Stoneham was a successor to John T. Brush, who had originally agreed to take the Yankees in after they had spent their formulative years at Hilltop Park as the Highlanders. (Brush almost had a claim to the first “stadium” – he called the Polo Grounds “Brush Stadium” on the cover of the 1911 World Series program, but no one seemed to take him seriously. A nice try.)
Those who remember the “old” Yankee Stadium probably best remember the triple-decked grandstand that ended at the bullpens. But that wasn’t the way it looked in 1923. In fact, the right field portion didn’t spread past the foul pole until 1937. All of Babe Ruth’s mighty homers to right fell into the bleachers, which ran endlessly from foul territory to foul territory. (The left field grandstand was completed in 1928).

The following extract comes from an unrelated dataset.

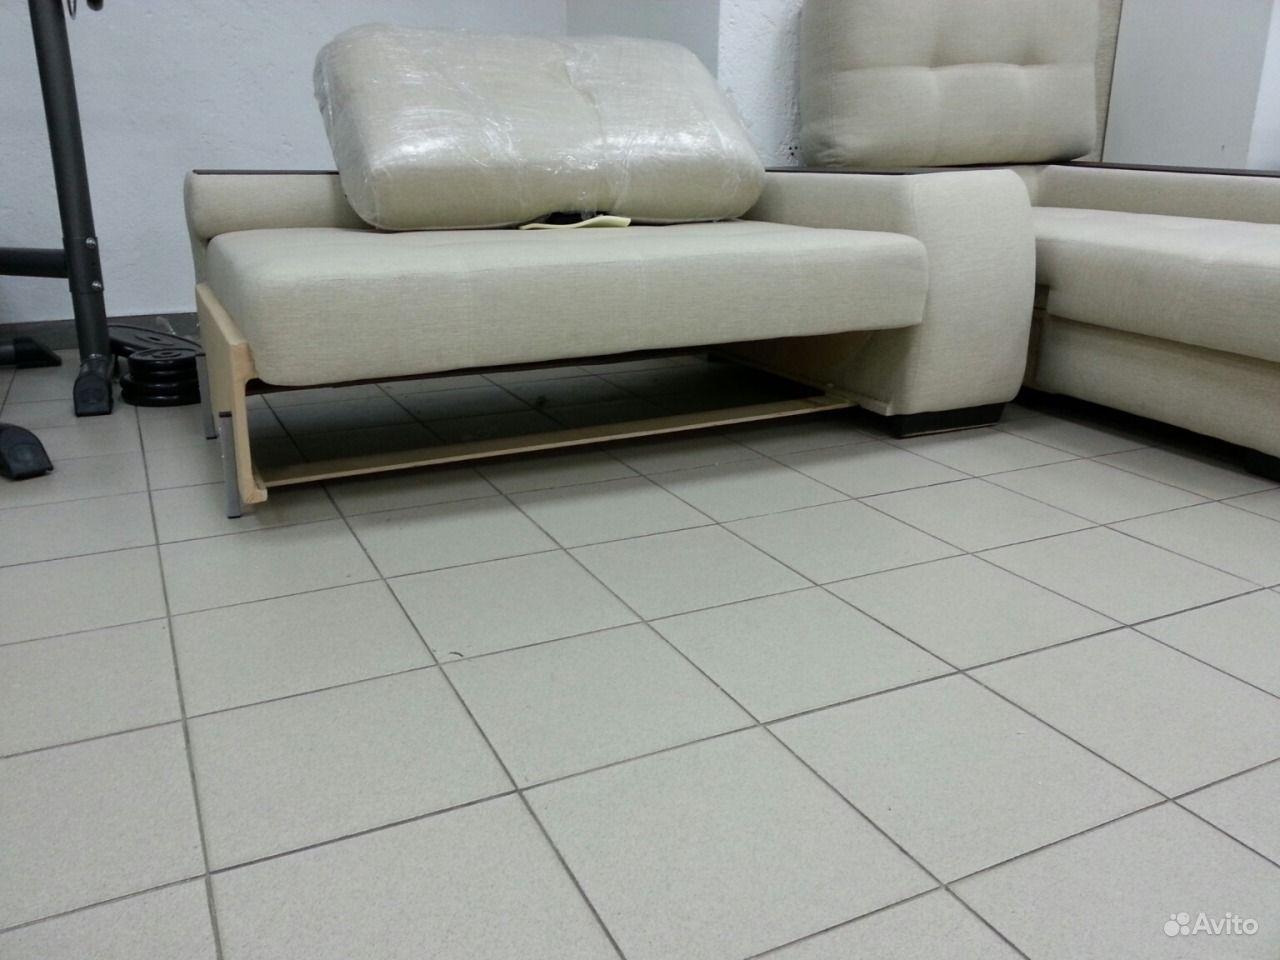 90dc389af65ea Купить кровати, диваны, стулья и кресла в России на Avito

Even that look wasn’t what the original architects envisioned: the saw the entire field surrounded by three decks with little open sky to see. That idea never took.
The success of the Yankees during the Miller Huggins, Joe McCarthy and Casey Stengel years – 27 World Series appearances in 42 seasons – turned Yankee Stadium into the most famous sports arena in the nation, if not the world. The aura and magnificence of the palace awed visiting players. The Yankees became a “brand” synonymous with success, and Yankee Stadium, where they wore the pinstriped uniform, became the standard for sports excellence.
Great heavyweight championship bouts were fought there. The biggest college football games were played there. The New York Giants football team won championships there. Popes delivered mass there.
But mostly Babe and Lou, Joe and Mickey played there. And Yogi and Phil and Scooter. Babe hit his 60th there. Roger his 61st. Larsen hurled his perfect game. Mickey twice hit the copper façade (and pronounced it fa-kaid. There weren’t any facades in Commerce, Oklahoma, after all).
Then the park began to show its age, and in 1976, reopened after a two-year overhaul, with no obstructed views, with escalators, luxury suites, and much more history to be written, as the George Steinbrenner years produced more moments for the ages. Reggie and Graig, Catfish and Gator and Thurman, onto Donny and Winfield and then Bernie and Derek, Mariano and those Sunday perfect games from the Davids.
If all goes according to schedule, Yankee Stadium will have been home to the Yankees for 86 seasons, minus the two spent at Shea in 1974-75. (The stadium was still “home” even though the team wasn’t playing there). “86” is a restaurant expression, born in New York according to legend, that means “all out.” It’s appropriate that a New York term coincide with the finale.